- Interactive map of Tūtira
- Coordinates: 39°12′14″S 176°52′55″E﻿ / ﻿39.204°S 176.882°E
- Country: New Zealand
- Region: Hawke's Bay Region
- Territorial authority: Hastings District
- Ward: Mohaka General Ward; Takitimu Māori Ward;
- Community: Hastings District Rural Community
- Subdivision: Tūtira subdivision
- Electorates: Napier; Ikaroa-Rāwhiti (Māori);

Government
- • Territorial Authority: Hastings District Council
- • Mayor of Hastings: Wendy Schollum
- • Napier MP: Katie Nimon
- • Ikaroa-Rāwhiti MP: Cushla Tangaere-Manuel

Area
- • Total: 401.51 km^{2} (155.02 sq mi)

Population (2023 Census)
- • Total: 333
- • Density: 0.829/km^{2} (2.15/sq mi)
- Postcode(s): 4184

= Tūtira =

Settlement in Hawke's Bay Region, New Zealand

Tūtira (also known as Tutira) is a village to the north of Napier and is part of the Hawke's Bay Region in New Zealand's North Island. It is located on State Highway 2 between Wairoa and Napier.

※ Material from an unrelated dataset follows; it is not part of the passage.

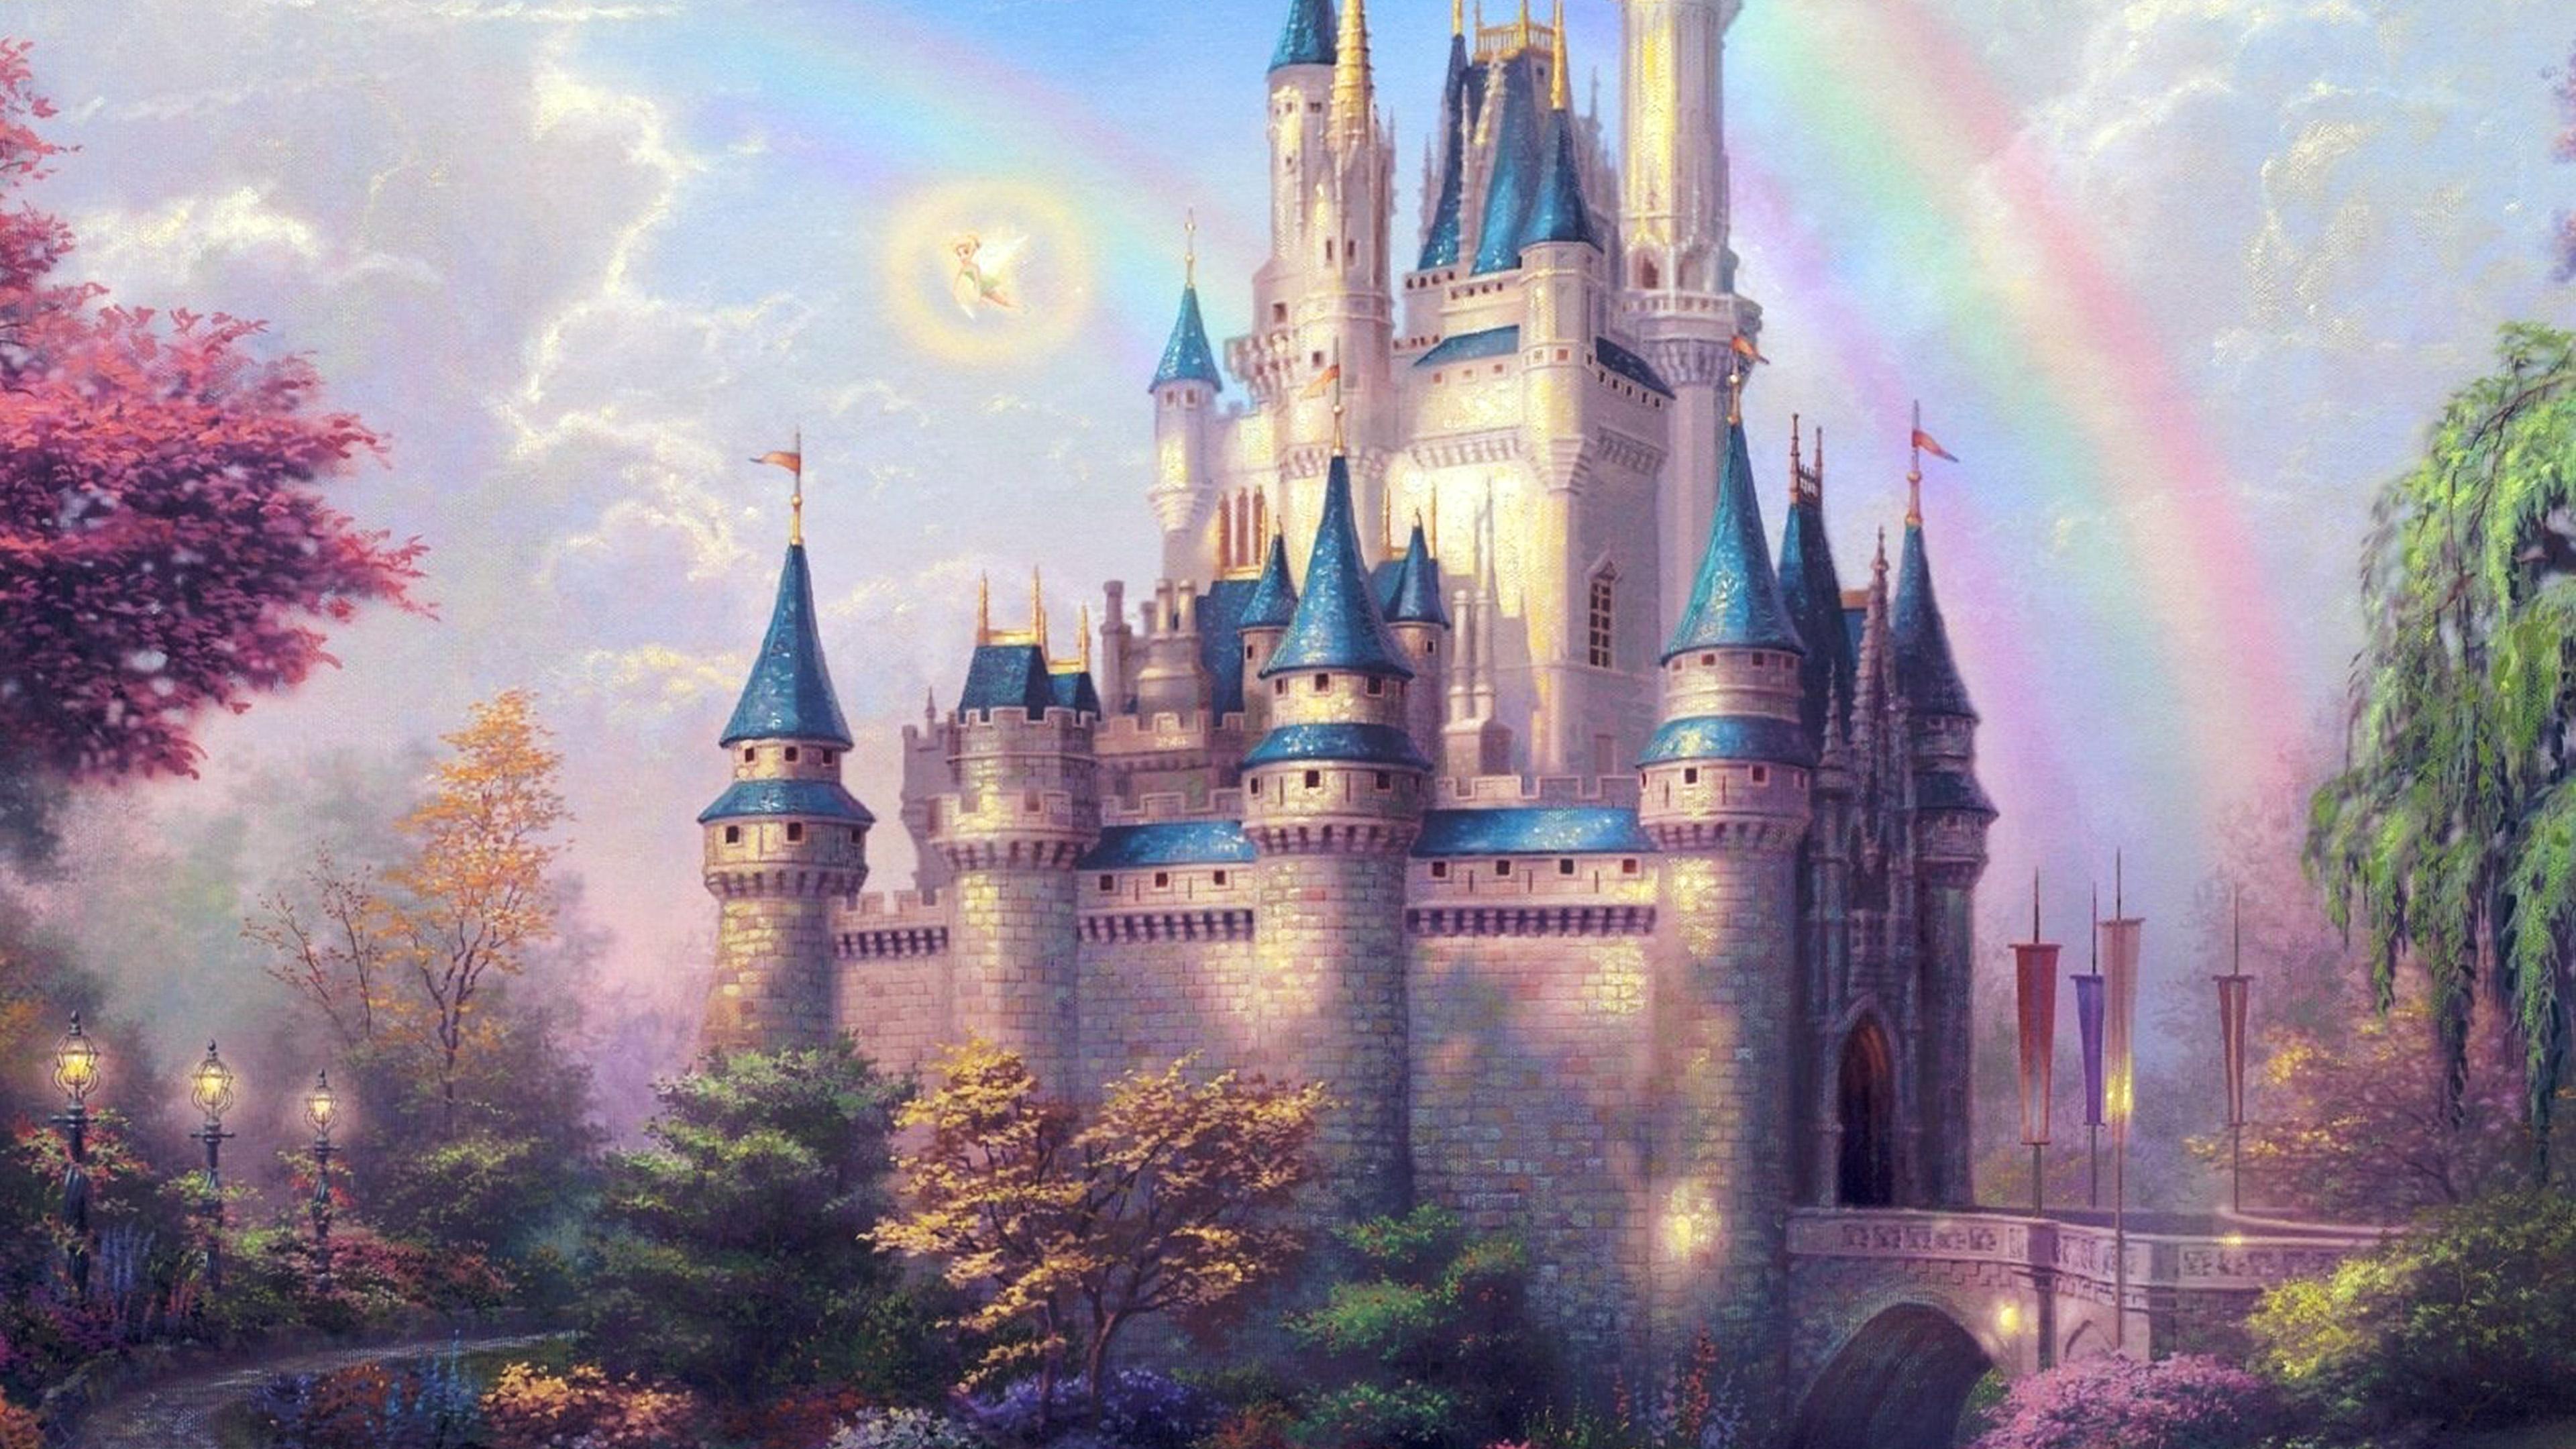 Such as png, jpg, animated gifs, pic art, symbol, blackandwhite, pic, etc. ap98-fantasy-castle-illustration-cute-disney-wallpaper

Much of the area was surveyed by Herbert Guthrie-Smith, who farmed 60,000 acres (240 km²) surrounding Lake Tūtira. Guthrie-Smith, a naturalist, published the popular Tutira: the story of a New Zealand sheep station in 1921. Today, a camp is run at the site of his homestead.

==Demographics==
Tūtira and its surrounds cover 401.51 km2. It is part of the Puketitiri-Tutira statistical area.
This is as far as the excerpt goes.